The CacheMaintainer gRPC service (:50052) downloads collections via ansible-galaxy collection install into a persistent cache at ~/.apme-data/collection-cache/galaxy/. It also clones GitHub org repos into collection-cache/github/. This cache survives across scans and is managed via PullGalaxy / PullRequirements / CloneOrg RPCs.

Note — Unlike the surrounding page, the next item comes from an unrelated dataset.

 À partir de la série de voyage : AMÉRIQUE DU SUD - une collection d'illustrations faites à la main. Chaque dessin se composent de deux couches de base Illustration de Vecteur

3. Ansible validator venv builder

The Ansible validator builds per-session venvs with ansible-core installed, then symlinks collections from the CacheMaintainer's persistent cache into site-packages/ansible_collections/. This means the venv already has the full collection source tree available on PYTHONPATH — modules, roles, plugins, meta, docs — everything.

The problem

• Double download: The same collection tarball is downloaded twice per scan — once by the scanner's dependency preparator into a throwaway temp dir, and once by CacheMaintainer into the persistent cache.
• Triple storage: Collection source may exist in three places simultaneously — scanner temp dir, persistent cache, and venv symlinks.
• Wasted parse: The scanner parses collection content to build Findings objects (module definitions, role specs, taskfile structures) that are immediately discarded when the temp dir is cleaned up. On the next scan of the same content, all that work is repeated.
• RAMClient is a vestigial knowledge base: RAMClient (risk_assessment_model.py) was designed for ARI's persistent local registry model. APME's daemon architecture made it ephemeral — the filesystem-backed "database" is written into a temp dir and destroyed after each request. Its management API (list, search, diff, release) is dead code.
• The Ansible validator venv already has everything: The venv built by venv_builder.py has ansible-core on the path and collections symlinked in. It can resolve FQCNs, load argument_specs, inspect meta/runtime.yml routing, and access action_groups — all things the native validator currently gets from RAMClient's parsed Findings.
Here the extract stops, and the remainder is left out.